Women's Golf was added to the Charlotte sports lineup for the 2017–18 school year. Holly Clark was hired to be the program's first coach.

Men's soccer 

First Season: 1976
Conference Championships (6)
1983, 1992, 1994, 1996, 2010, 2013
Regular Season Championships (dating back to 2011) 
2011,  2012,  2014,  2016
NCAA Appearances (14)
1991, 1992, 1994, 1996, 1997, 2009, 2011, 2012, 2013, 2014, 2015, 2016, 2018, 2019, 2020, 2021
NCAA Men's College Cup 1996, 2011
NCAA Men's Soccer Championship Game, 2011
Overall Record since 2011
85-29-16 (W% of 71.5)
Home Record since 2011
50-10-6 (W% of 80.3)
Charlotte alumnus Jon Busch named MLS Top Goalkeeper

Women's soccer 

First Season: 1994
Conference Championships (7)
1997, 2002, 2006, 2007, 2008, 2010, 2016
NCAA Appearances (4)
1998, 2002, 2007, 2008
Women's 3-time defending Atlantic 10 Regular Season Champions
Women's 2-time defending A-10 Tournament Champions

Softball 

The 49ers softball team began play in 1986. The team has not made an NCAA Tournament appearance. The current head coach is Ashley Chastain.

Rivalries 
Charlotte has had its fair share of intense rivalries. In men's basketball, one of their most heated rivalries was with Conference USA rival Cincinnati, who was coached by Bob Huggins for most of this period. From 1995-96 to 2004-05, after which Charlotte and Cincinnati left C-USA, Charlotte managed to upset Cincinnati teams ranked #3, #8, #18, #20 in the country.

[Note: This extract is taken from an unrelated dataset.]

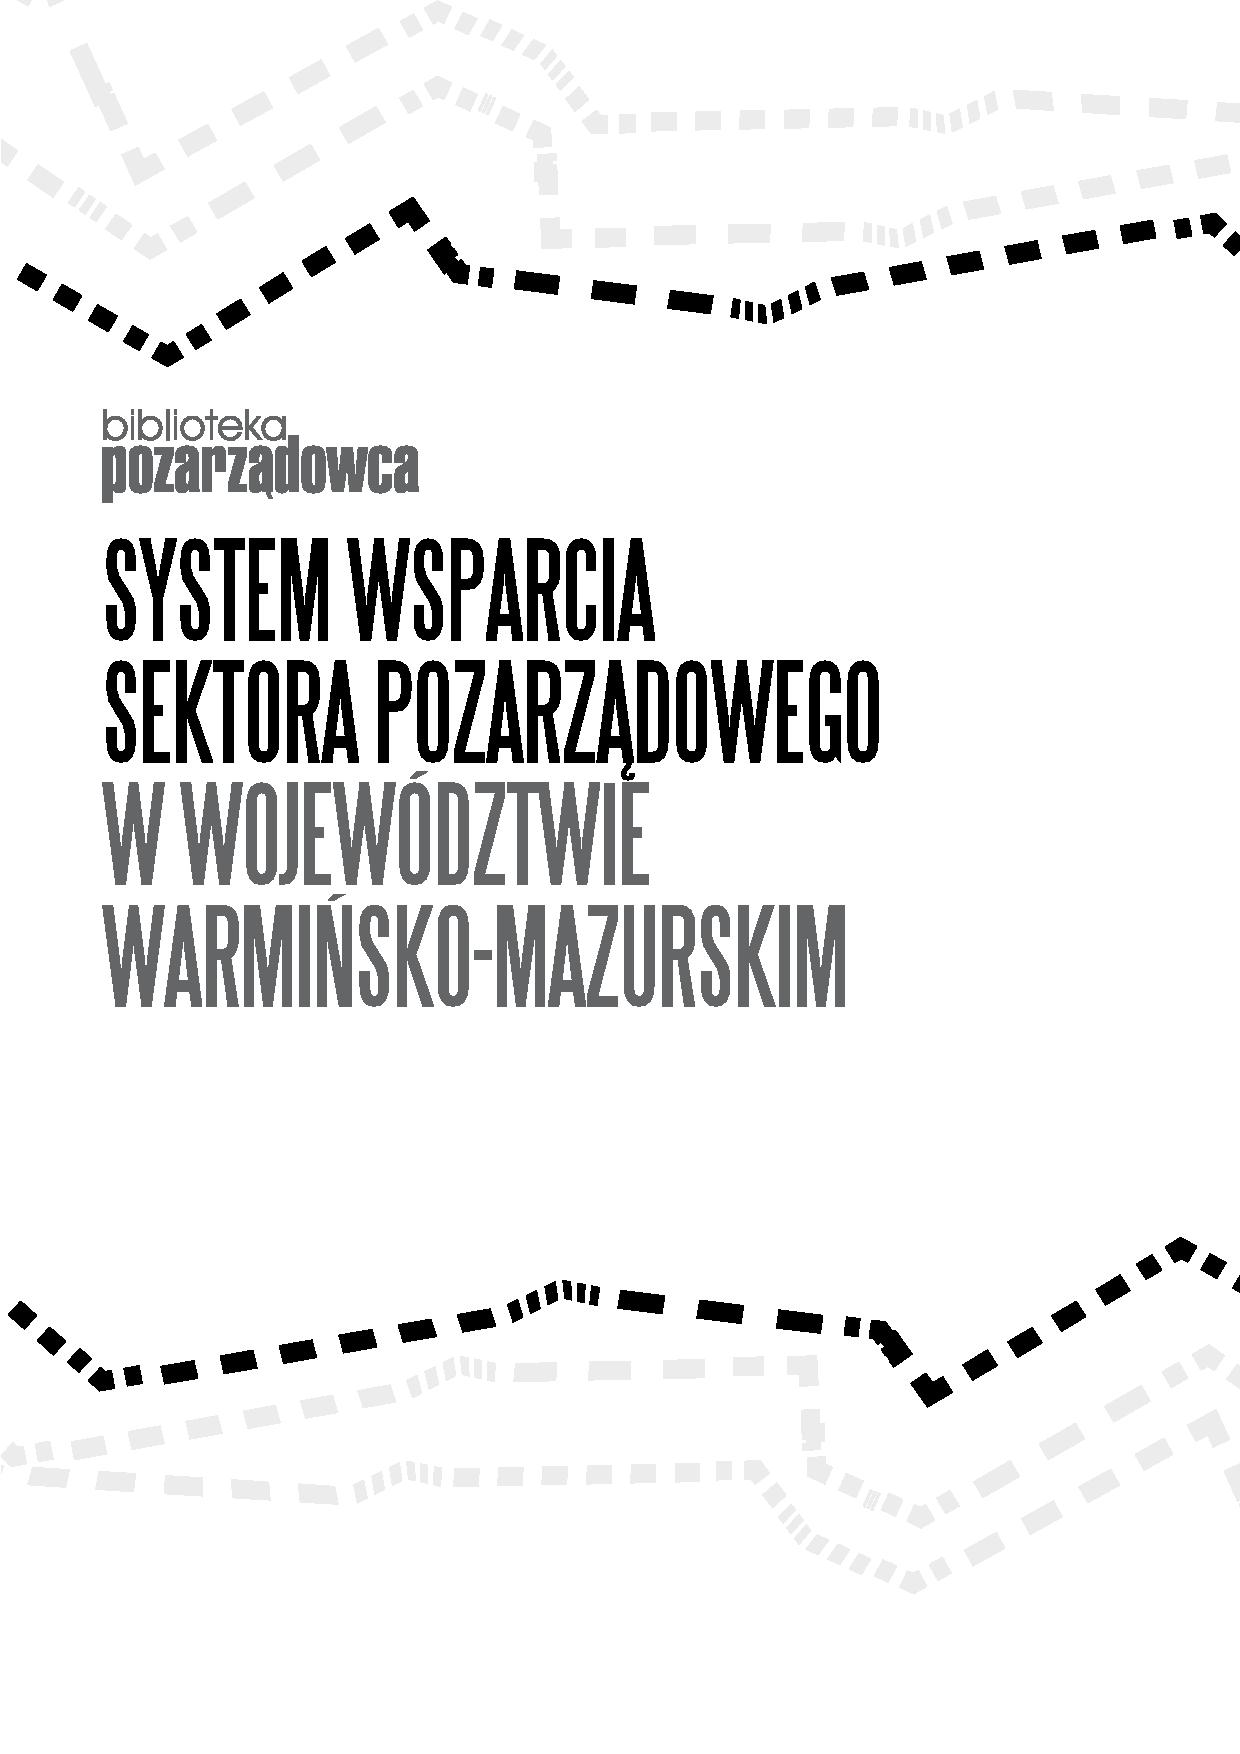 System wsparcia sektora pozarządowego w województwie warmińsko-mazurskim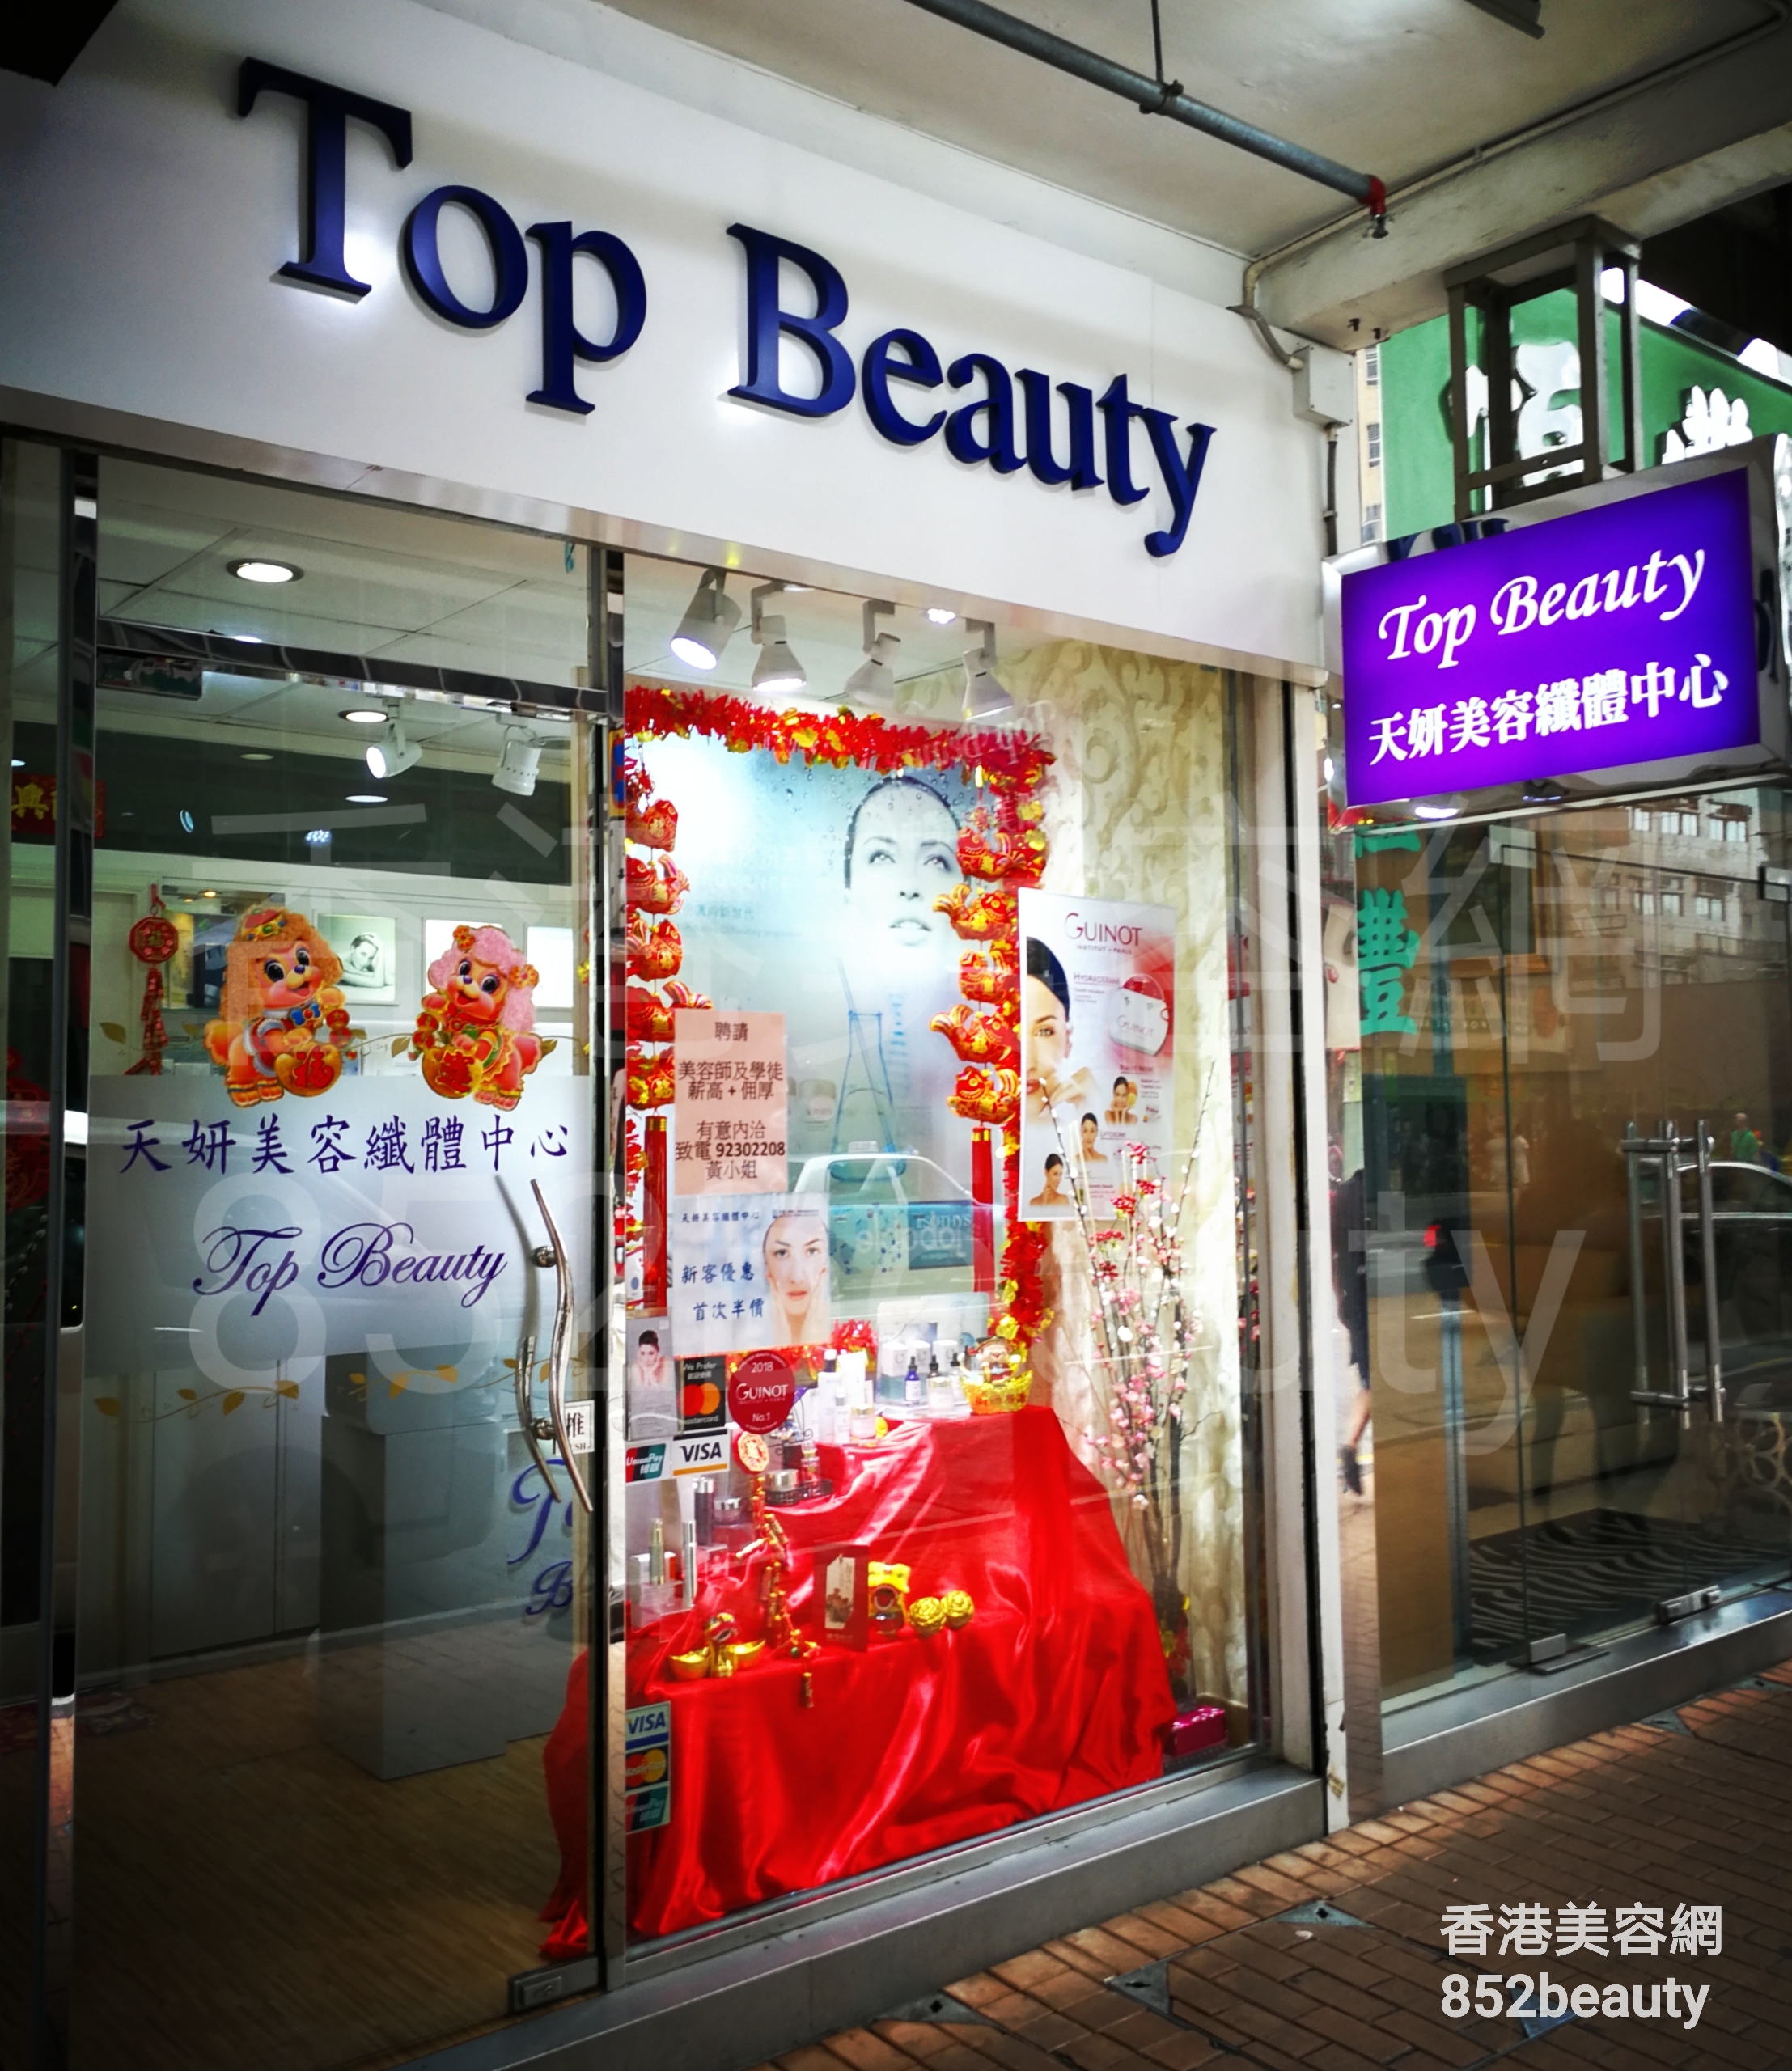 香港美容網 Hong Kong Beauty Salon 美容院 / 美容師: Top Beauty 天妍美容健美中心

In what became known as the Cincinnati Incident, a brawl broke out between Cincinnati and the Charlotte student section, when a Cincinnati player threw the basketball into the stands. This led to the creation of a 'buffer zone' being implemented behind the visiting team's bench. ESPN commentator Andy Katz provided this explanation on why Charlotte-Cincinnati was one of the juiciest rivalries in the country: "The games are hotly contested usually and the fans in Charlotte don't like Cincinnati. They get up for this game more than any other."  Charlotte holds an all time record of 8-15 against Cincinnati, and haven't played each other since 2006

Charlotte's 29-year men's basketball rivalry with the Davidson Wildcats sees two of the three Division I schools in Mecklenburg County go head-to-head for the Hornet's Nest Trophy. They had been the county's only D-I schools before Queens moved from NCAA Division II to the D-I ASUN Conference in 2022. Charlotte leads the series 26-11. Due to a scheduling conflict, the series was on hiatus until the 2010-11 season.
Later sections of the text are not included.